As for getting healthier, I don't really know what to suggest. There are many diet options that do not involve restricting favorate foods such as rice so she needn't feel bad for wanting to keep eating it. Personally I think that talking about nutrition and getting a grounding on nutritional basics and portion sizes as well as basic cooking skills are key for kids to learn. Modeling behaviors for her to see is good too. Show her that you and her dad have spotted an issue and are taking steps to try to address it. Getting active yourselves and making changes and inviting her to acompany you on for some of the activities. All of these things may or may not encourage her to change her habits now but could stick in her brain so that when she is an adult she will know what is possible and know that she can make different choices as she has seen first hand how you and her dad took action.

CLove's picture

We had burgers last night. DH is on board with me because he has seen his stomach shrink.

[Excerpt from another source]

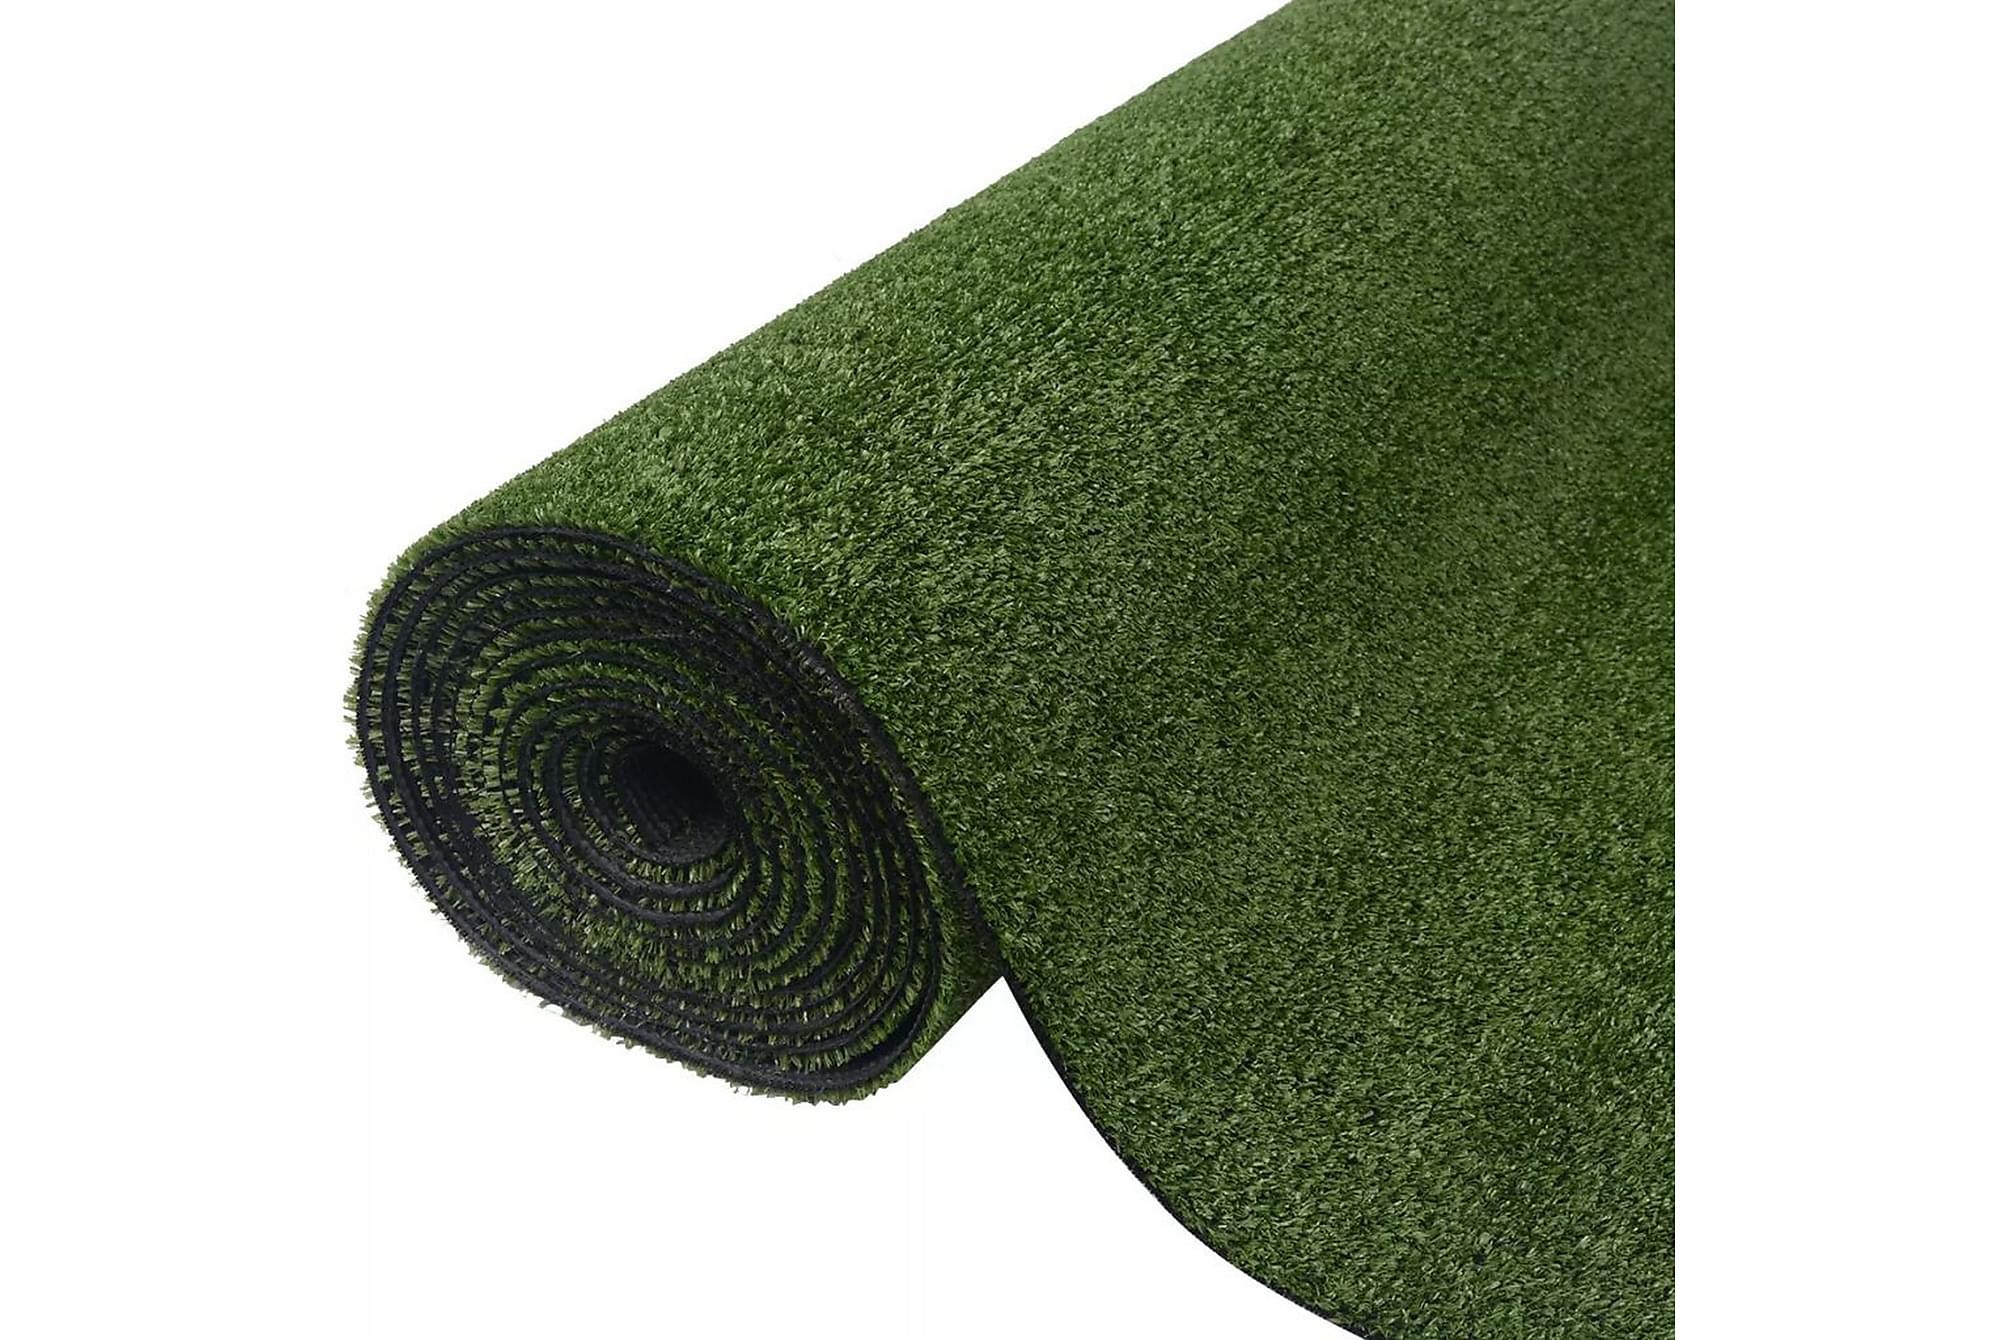 Konstgräsmatta 1,5×5 m/7-9 mm grön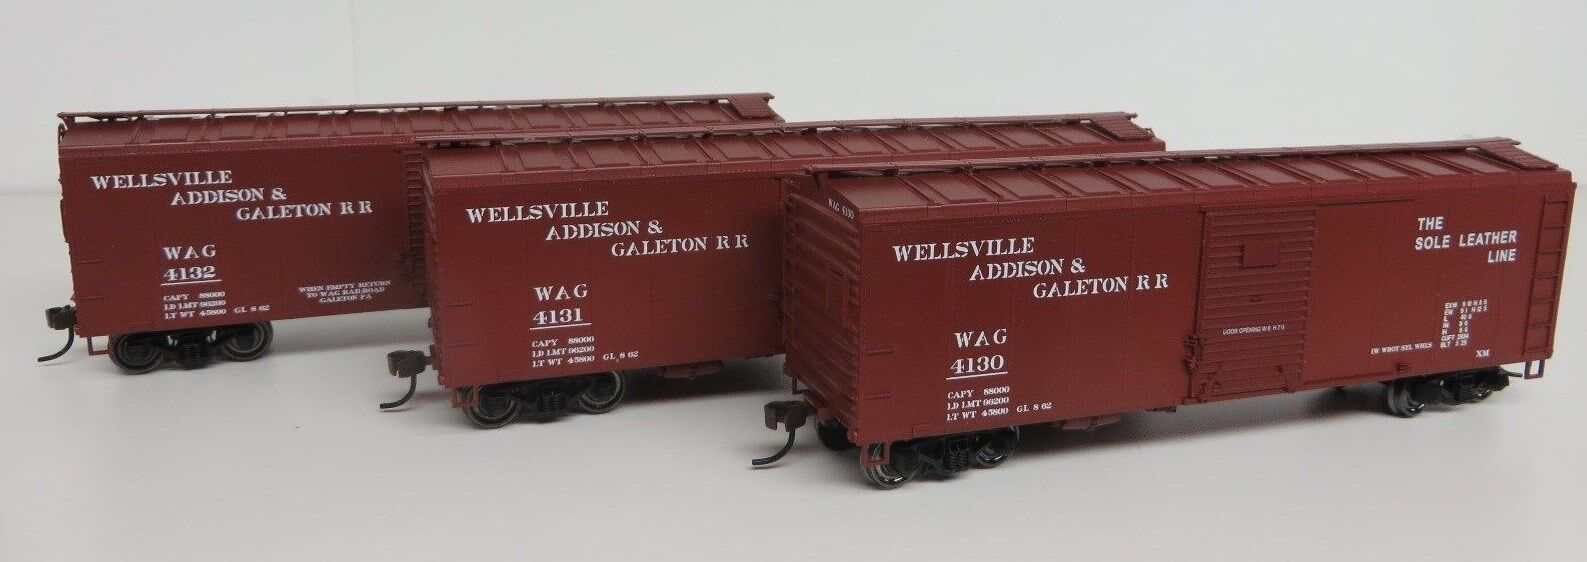 Accurail WELLSVILLE ADDISON /& GALETON-WAG 40/' Wood Box Car #6075 KIT 80951

He got himself a non-bun, and Munchkin thought it was something she would want. I taught her about sugar.

I think she is being the moody teen. Im not trained in therapy, but have read somethings.

Im a direct person. I dont sugar coat. My family is also very direct and do not sugar coat. I guess I sound mean, but Munchkin seemed happy last night...so maybe I did some good. Someone showing concern for her...wouldnt that be a good thing? Saying Im concerned about her excessive phone/video usage...its nothing I havent lectured on before...

Ive even talked about enmeshment before and we have read about it together. She is interested in phychology as well as myself, which is why I read and research. Shes triggered quite a bit. She and I have discussed triggers. She knows what a narcissist is.

So - Its not therapy, but I think it helps her understand things so she doesnt feel overwhelmed.

thinkthrice's picture

3 words:  Dr. Jason Fung 

Chef's health scare lead him to an extensive fast and keto.

Would NEVER listen to me.  Even cut out drinking and his whole personality changed remarkedly for the better.

CLove's picture

Ill check it out this weekend. My Dad, who is REALLY hardcore, he has sent me some very non-inspiring videos...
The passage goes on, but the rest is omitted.